Iran’s nuclear ambitions are a problem. Nuclear proliferation in the Middle East is a danger, and the Iranian regime’s foreign policy—which has involved support for militias and terrorist groups—make it a destabilizing force in the region. The country has a right to civilian nuclear energy, as do all nations. But Tehran has signed the Nuclear Non-Proliferation Treaty, submitting itself to the jurisdiction of the International Atomic Energy Agency. The IAEA says Iran has exhibited a pattern of deception and non-cooperation involving its nuclear program for 20 years—including lying about its activities and concealing sites. In that context, it makes sense to be suspicious of Iran’s intentions and to ask that the IAEA routinely verify and inspect its facilities. Unless that can be achieved, Iran should pay the price for its actions. Washington’s current strategy is to muster international support to impose greater costs, while at the same time negotiating with Iran to find a solution that gives the world greater assurance that the Iranian program is purely civilian in nature.
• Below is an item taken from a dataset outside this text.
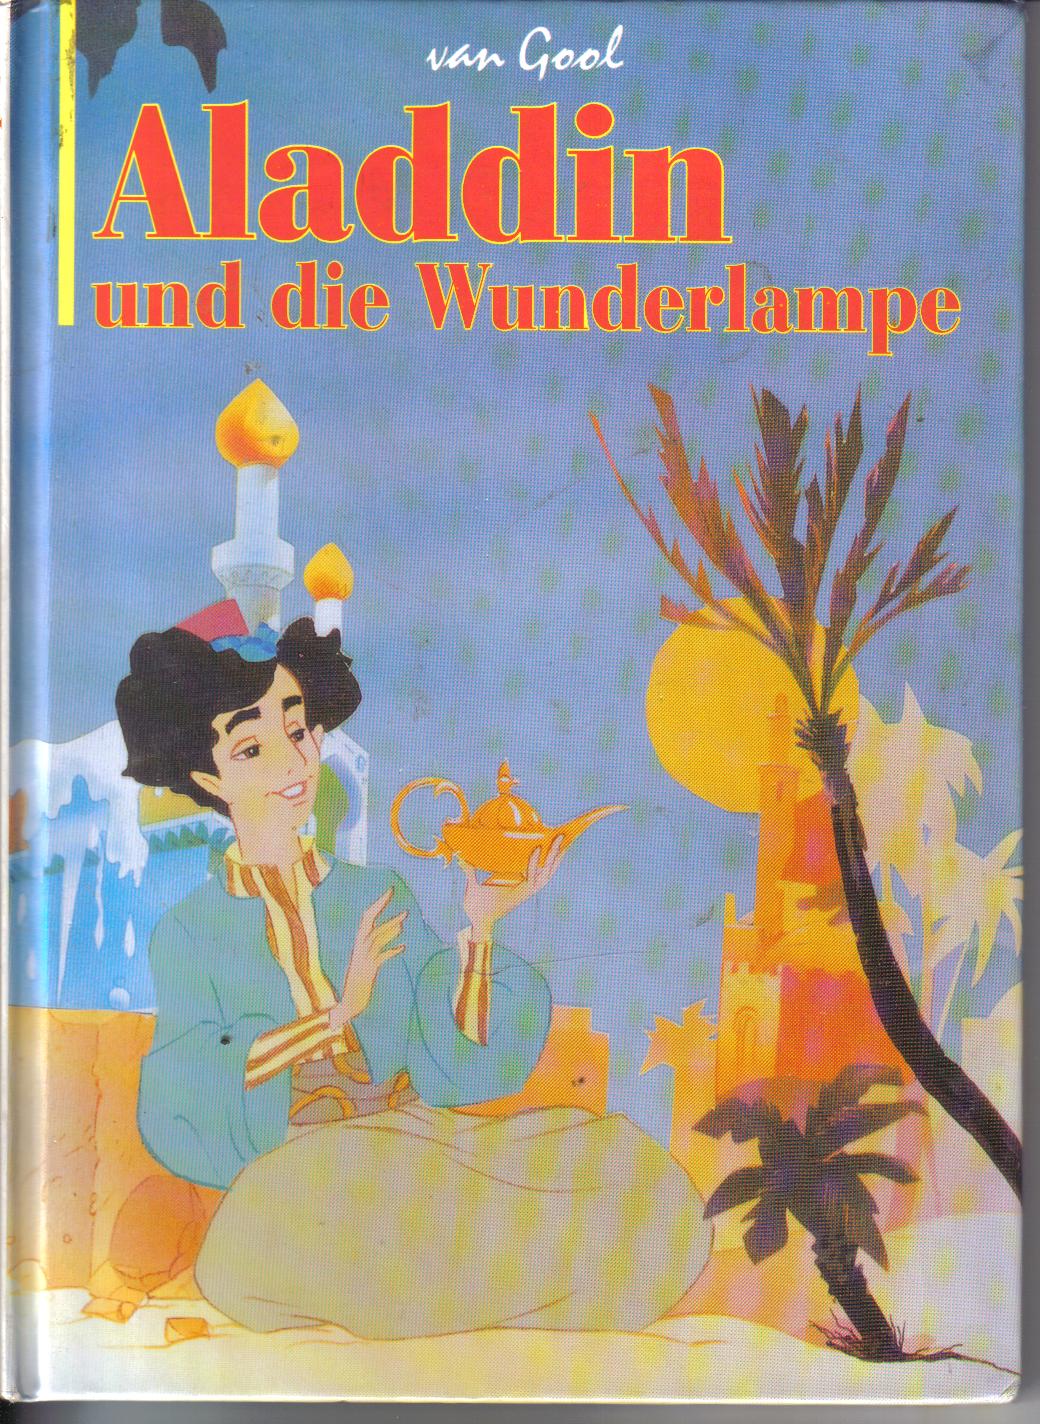 Aladdin und die Wunderlampevan Gool
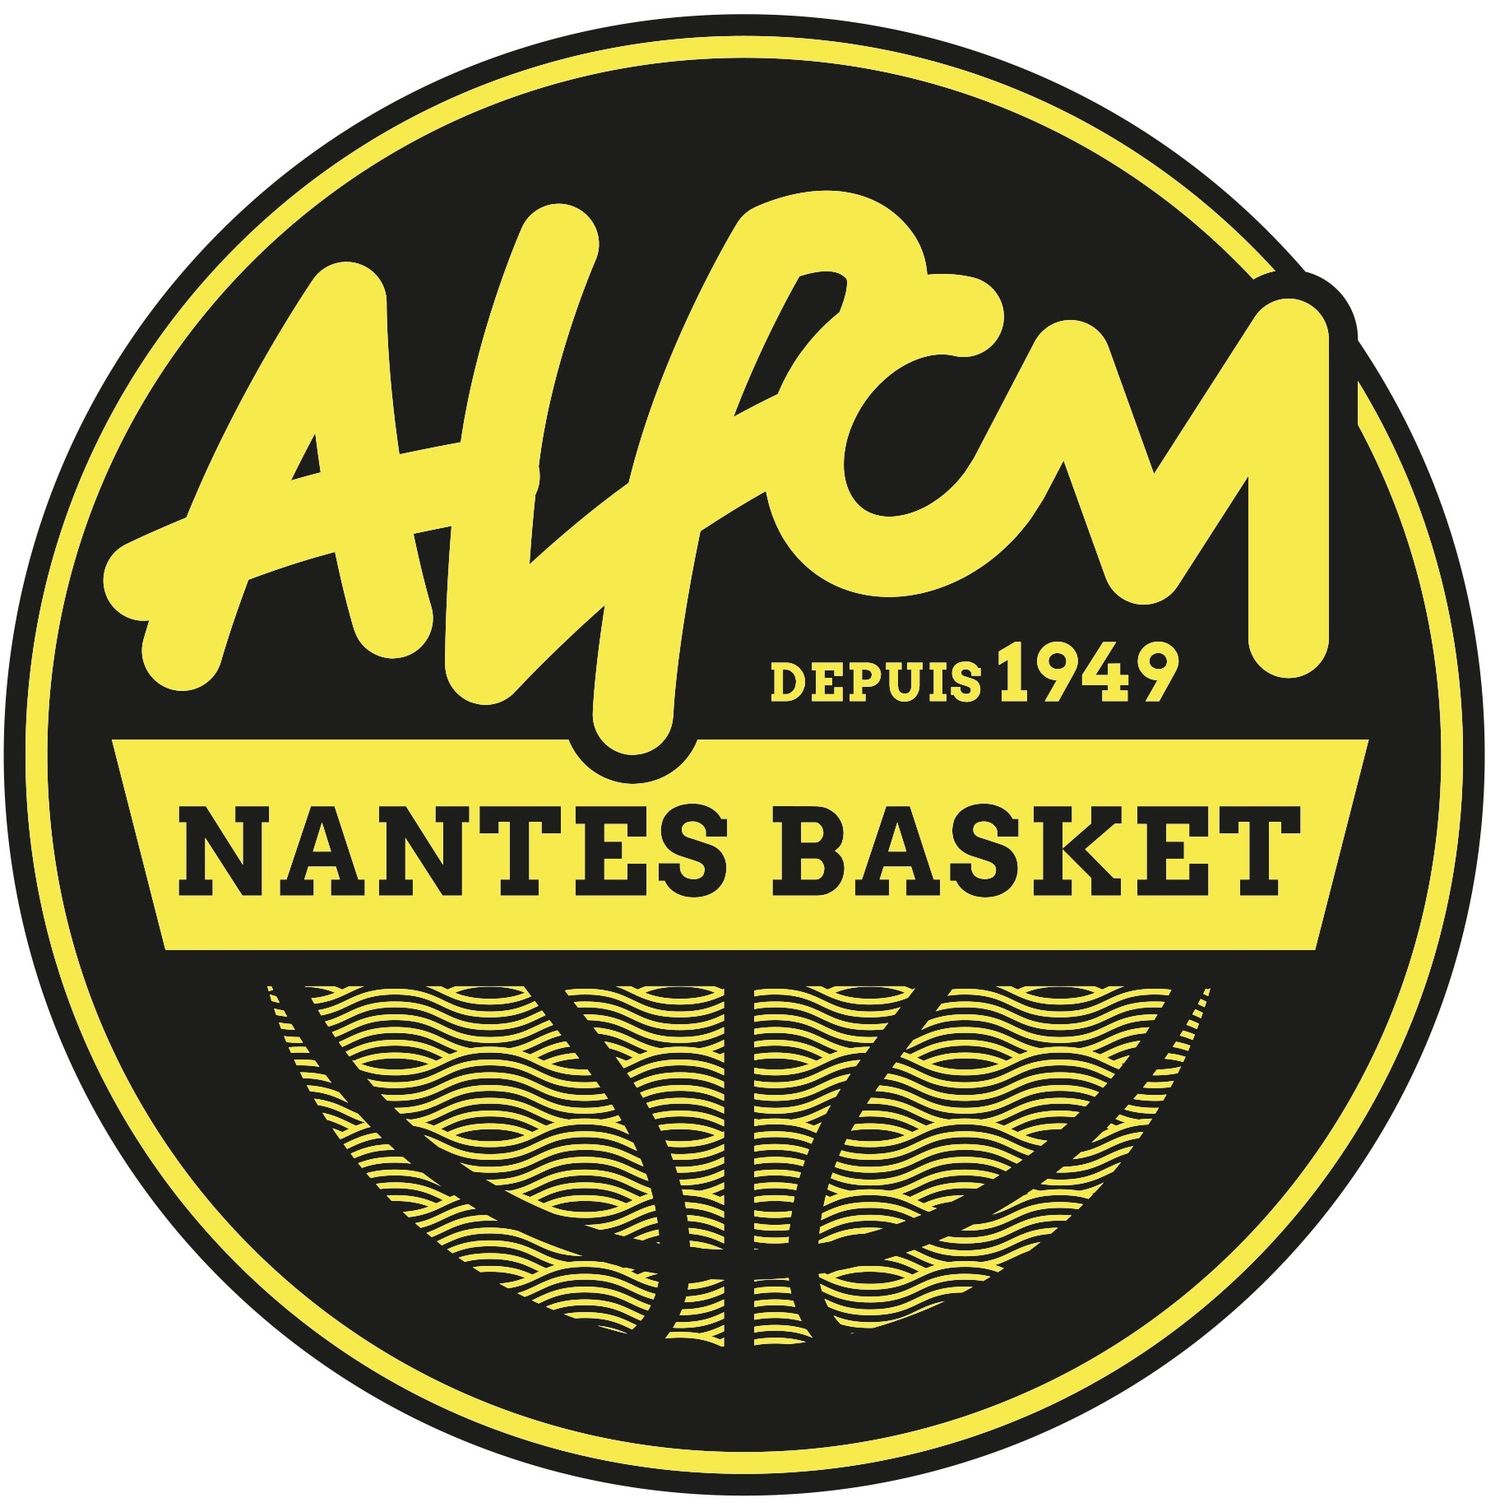 ALPCM Nantes Basket

It is an unsatisfying, frustrating approach. The Russians and Chinese want to trade with Iran and will not impose crippling sanctions. (Nor would India or Brazil, nor most other major developing countries.) Even if there were some resolution, it would depend on inspections in Iran, and the Iranians could probably hide things from the inspectors and cheat. They do occasionally make concessions, including significant ones last week—to open the newly revealed Qum facility to inspectors and to send uranium to Russia for enrichment (which Tehran announced just as columnists were declaring that negotiations were sure to lead to nothing). But there will be setbacks as well. The cat-and-mouse game will continue.